Work to be completed: Leave the pictures out and quote only the lines from the one with "Luz Bove was" down to the end of the listing below.

Data extract:
◇ ◇ ◇ ◇ ◇

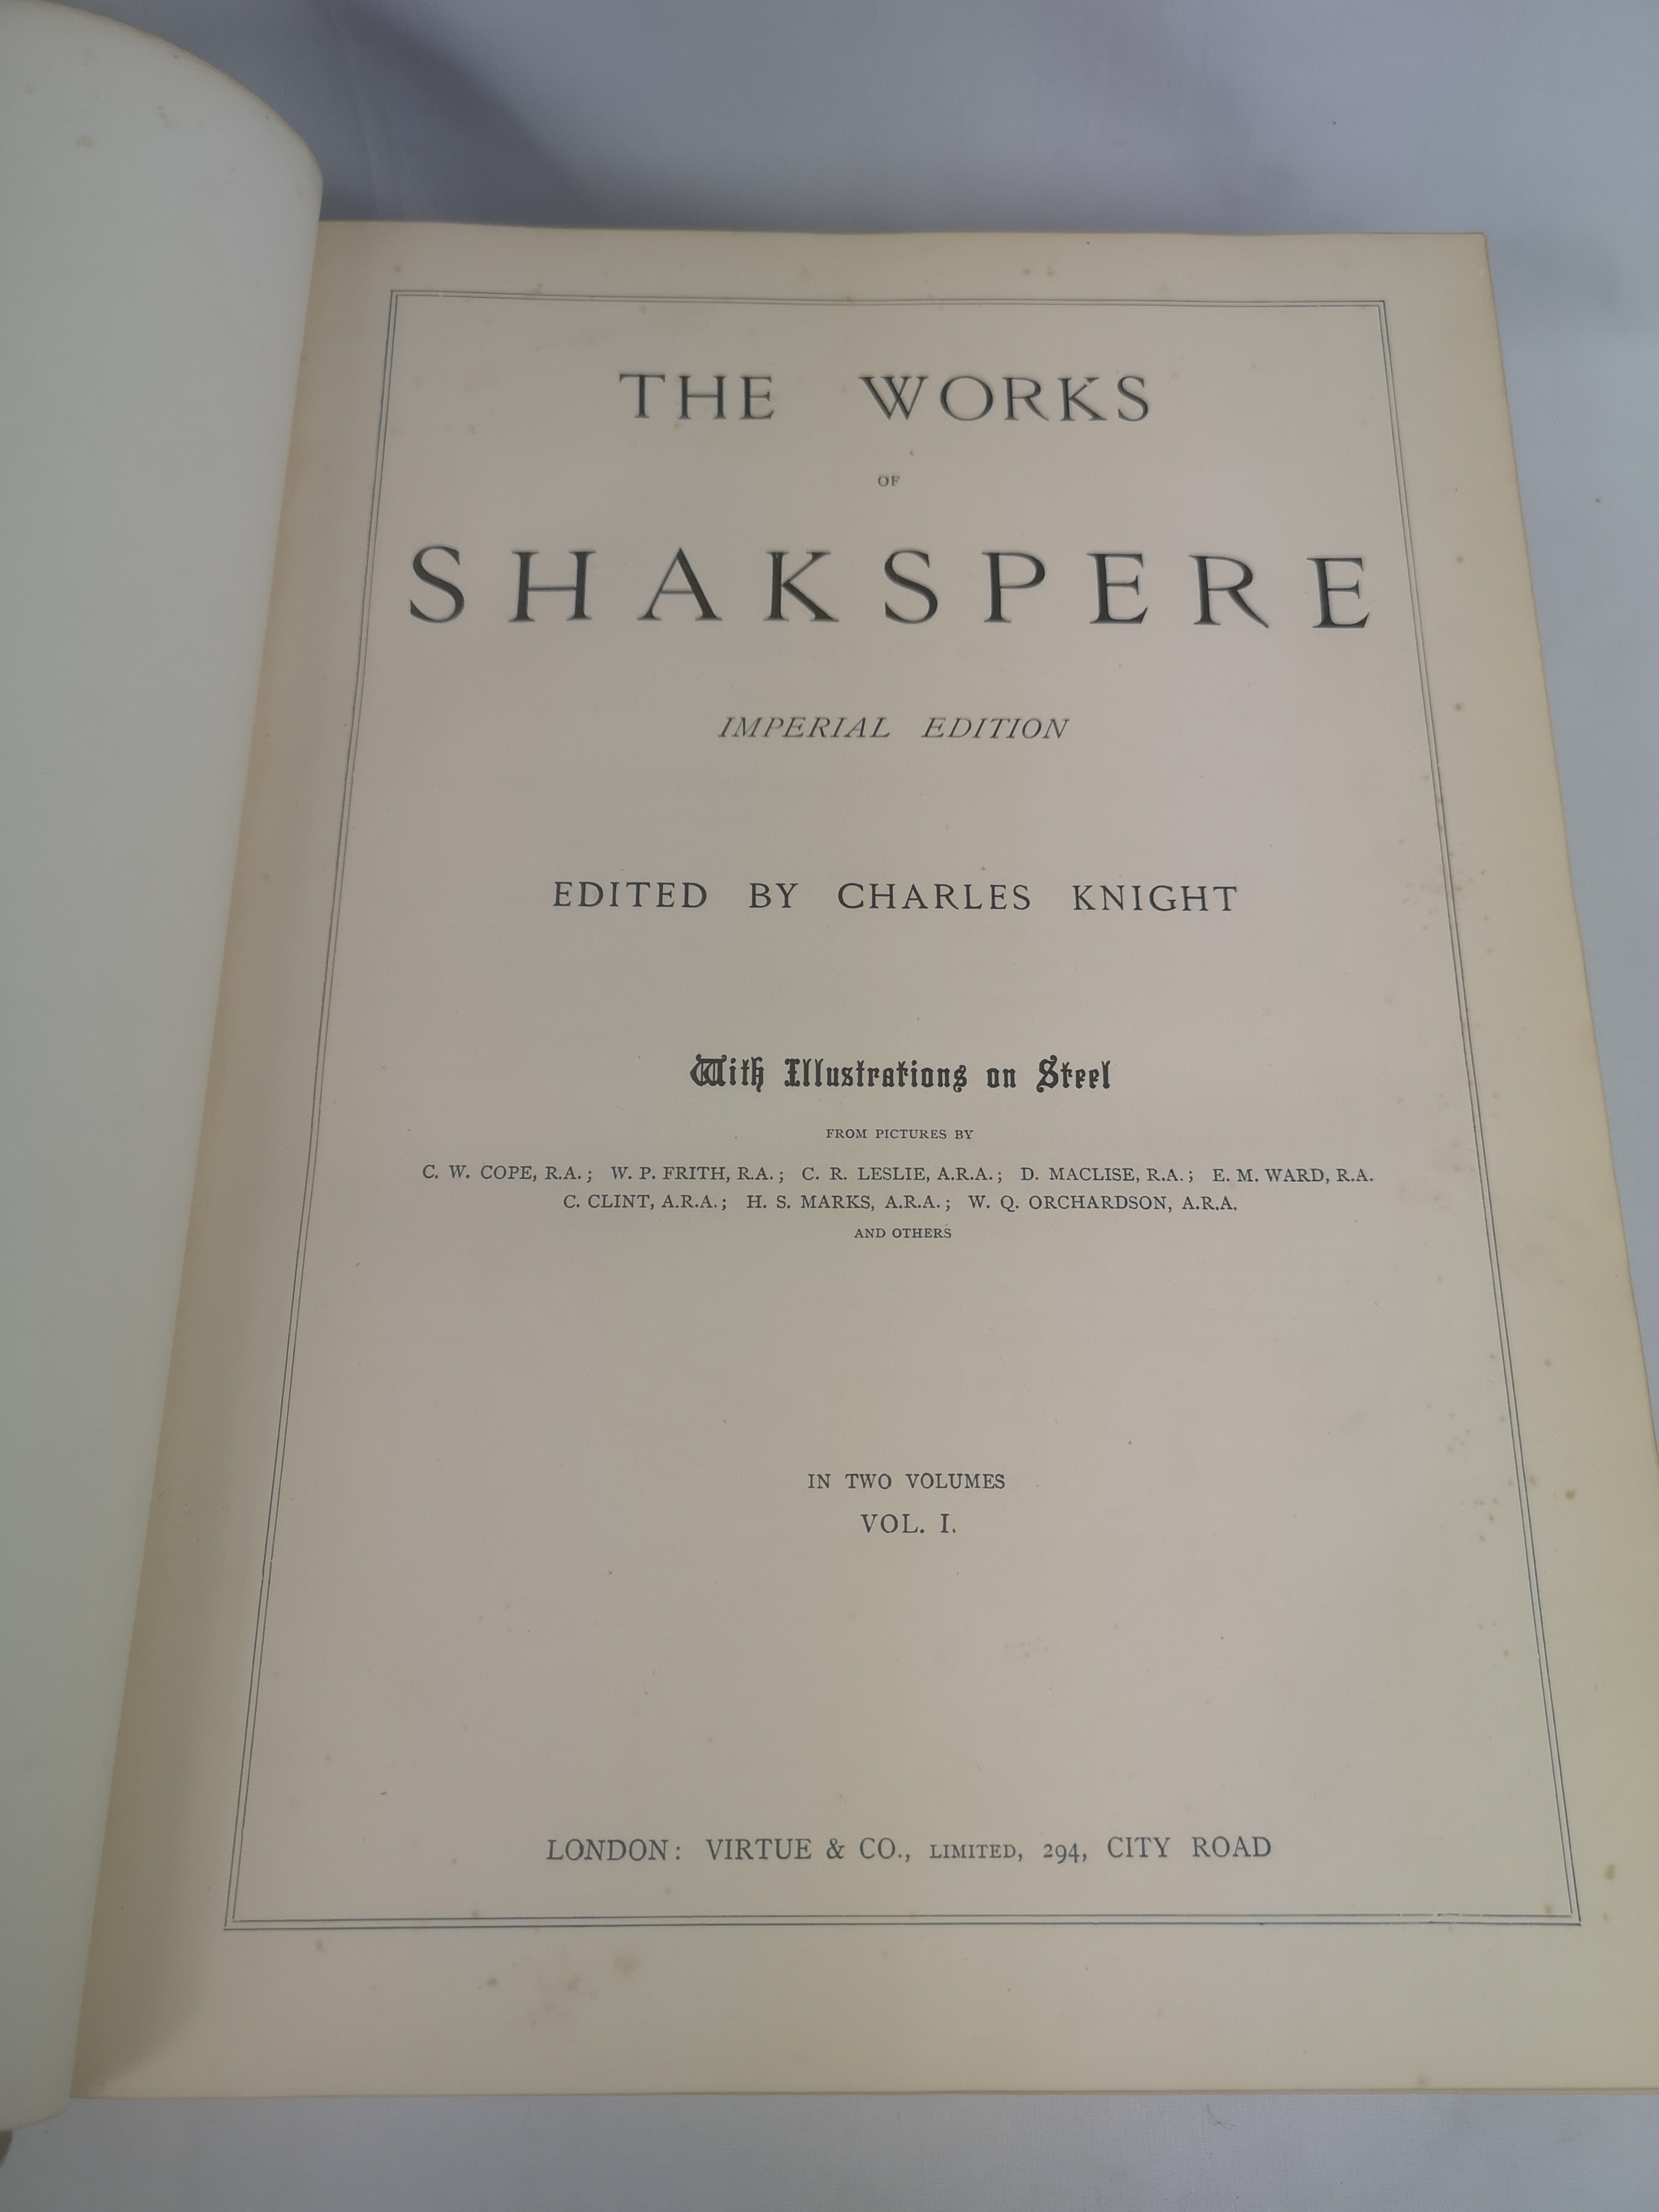 The Works of Shakspere Imperial Edition - Image 3 of 5
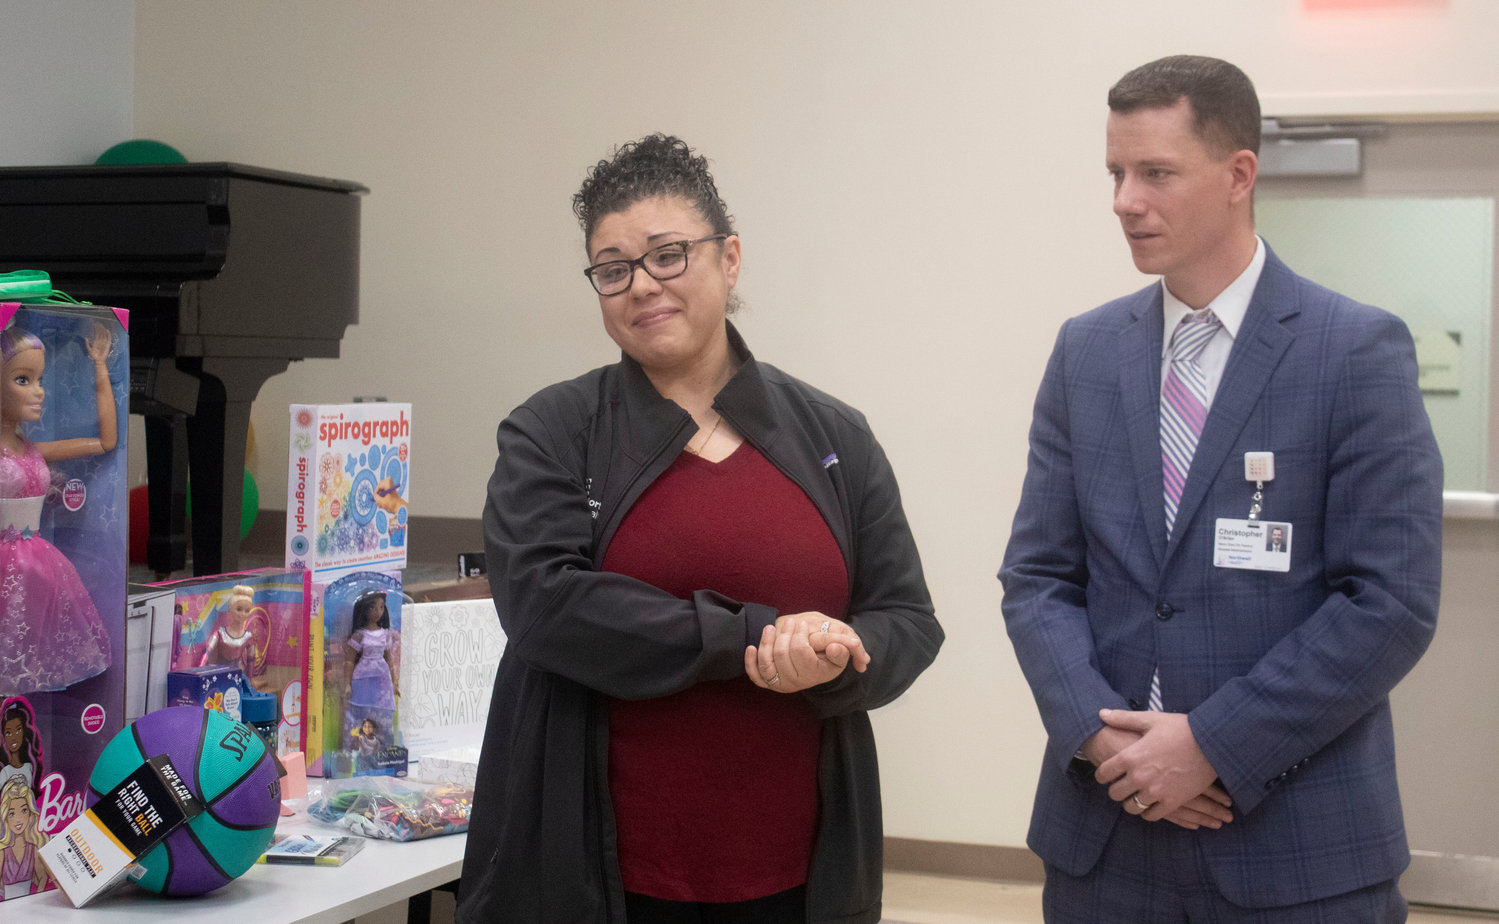 Luz Bove was overcome with emotion at LIJ Valley Stream when she saw all the Christmas gifts made possible by Chris O’Brien and other Northwell employees.
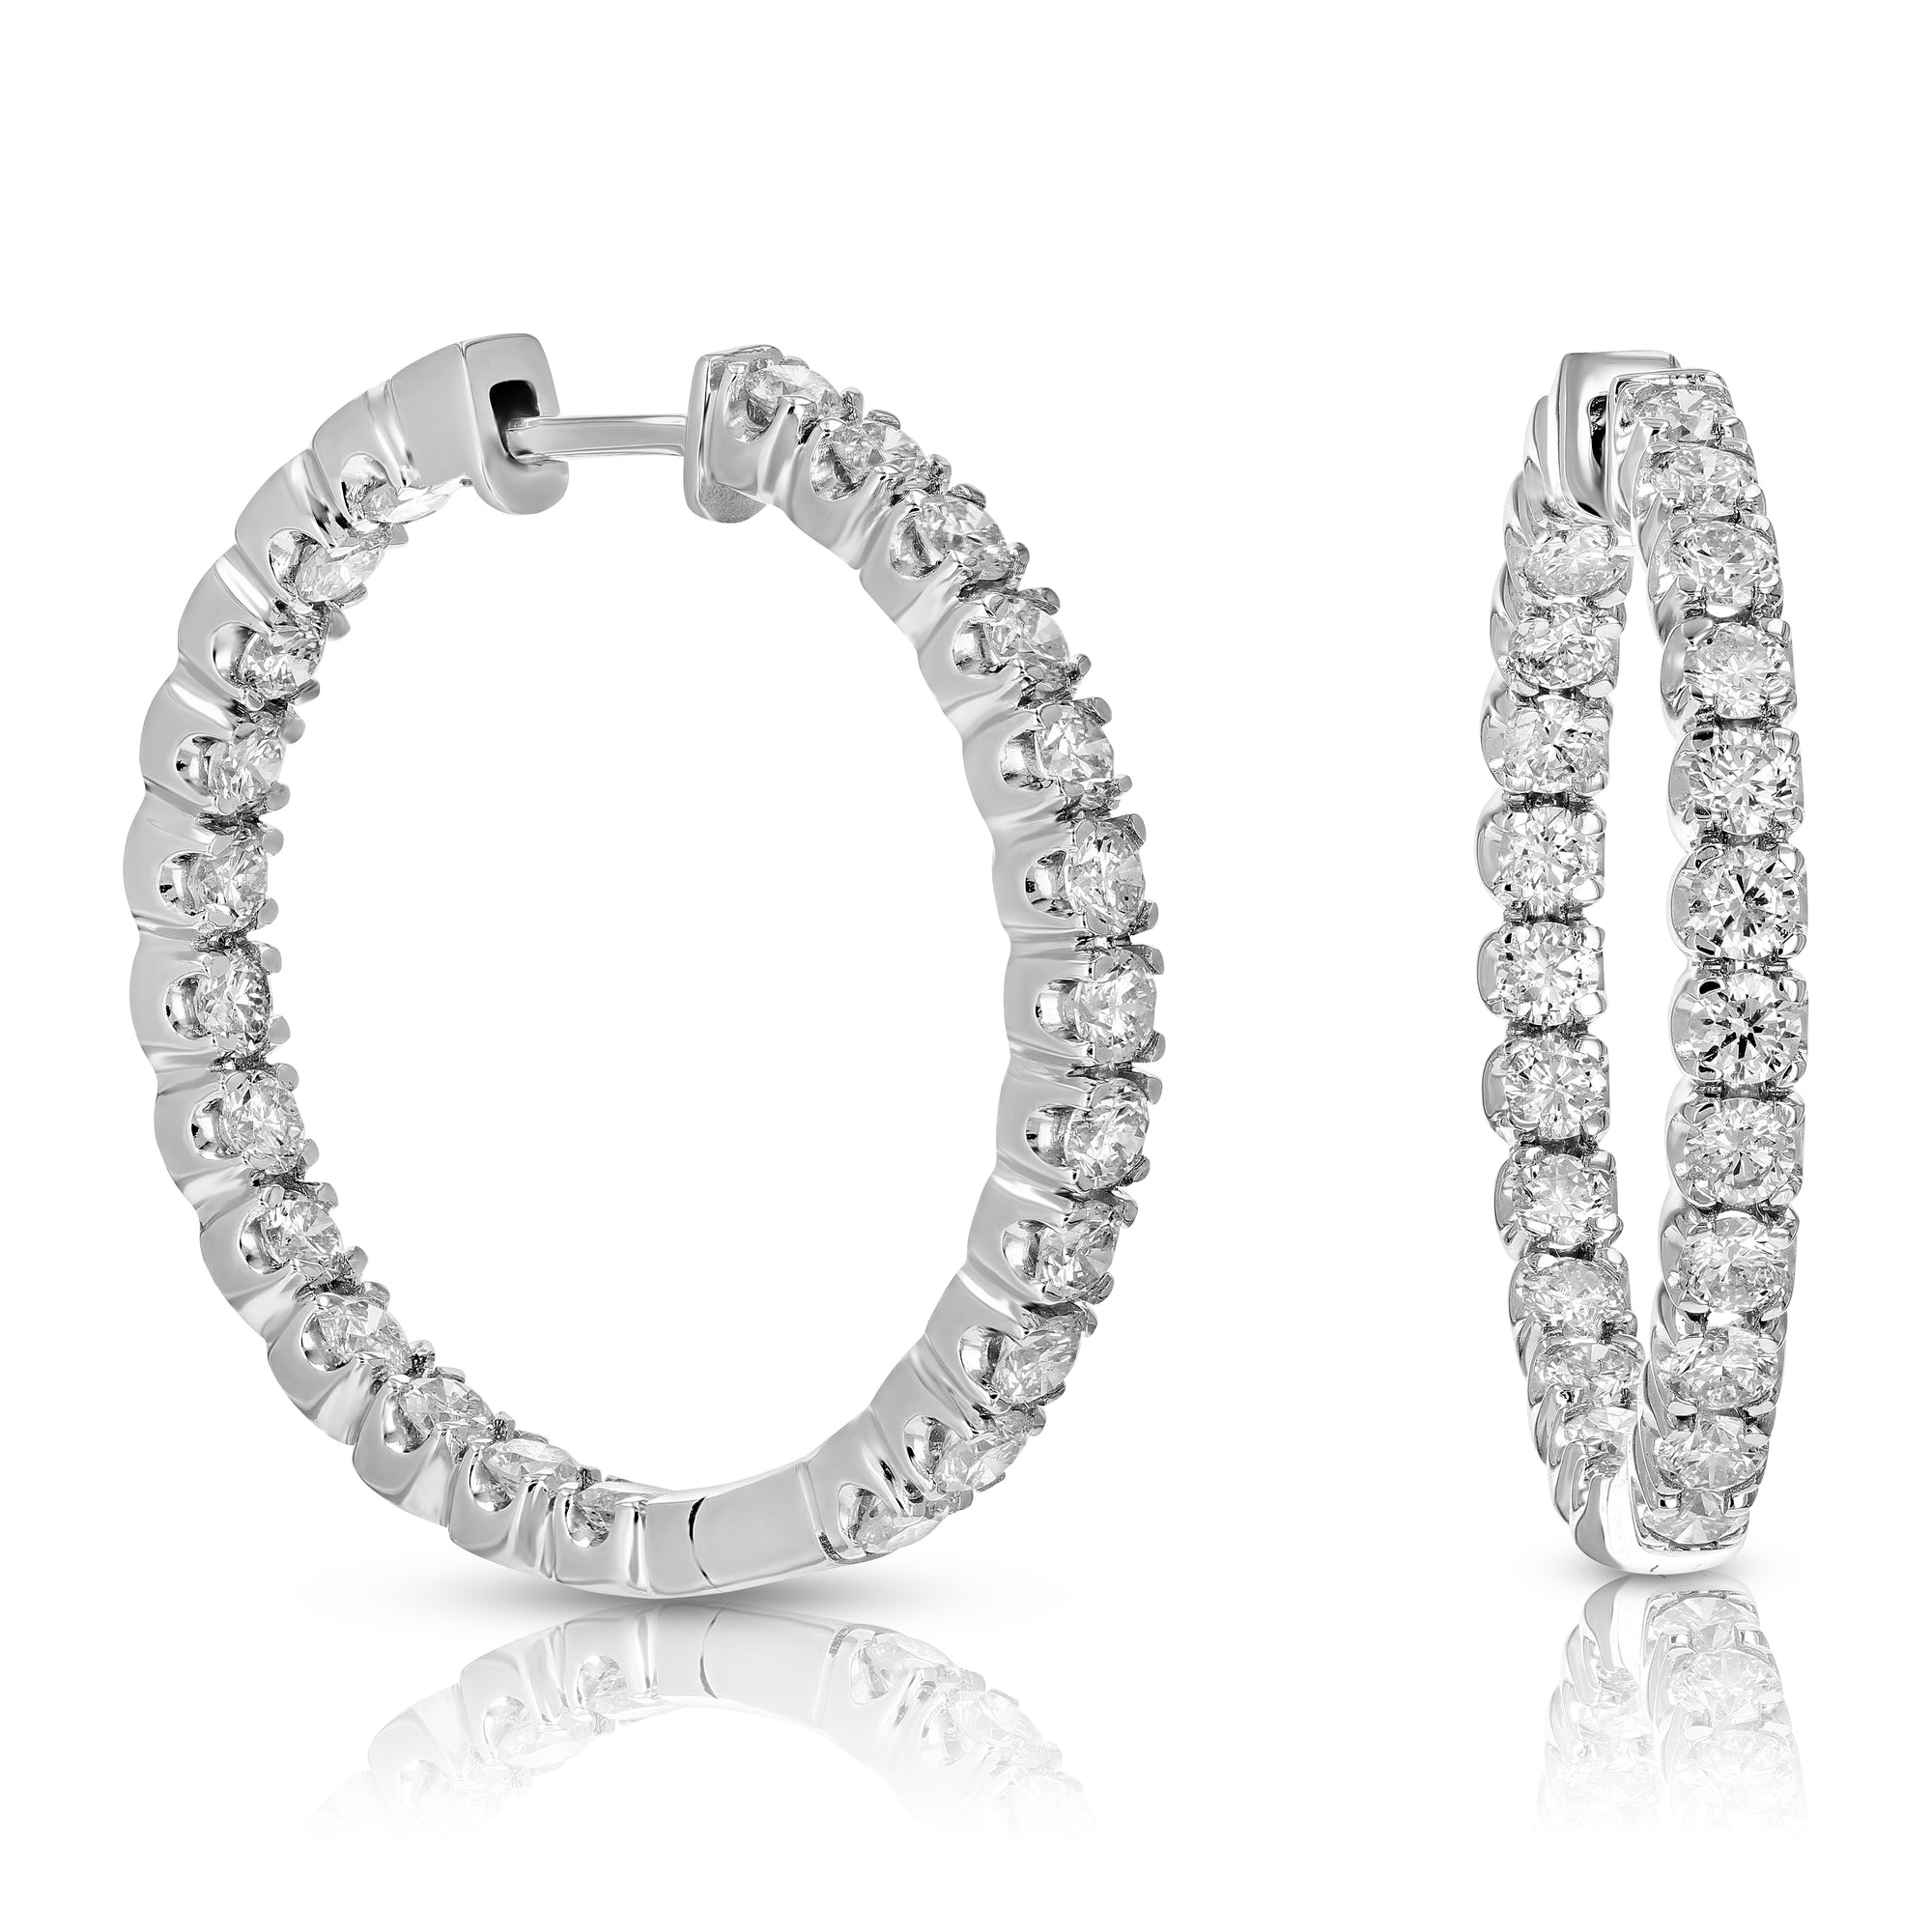 4 cttw Diamond Hoop Earrings 14K White Gold Round Prong Set Inside Out 1.30 inch

◇ ◇ ◇ ◇ ◇

Output of the task:
 Luz Bove was overcome with emotion at LIJ Valley Stream when she saw all the Christmas gifts made possible by Chris O’Brien and other Northwell employees.
 4 cttw Diamond Hoop Earrings 14K White Gold Round Prong Set Inside Out 1.30 inch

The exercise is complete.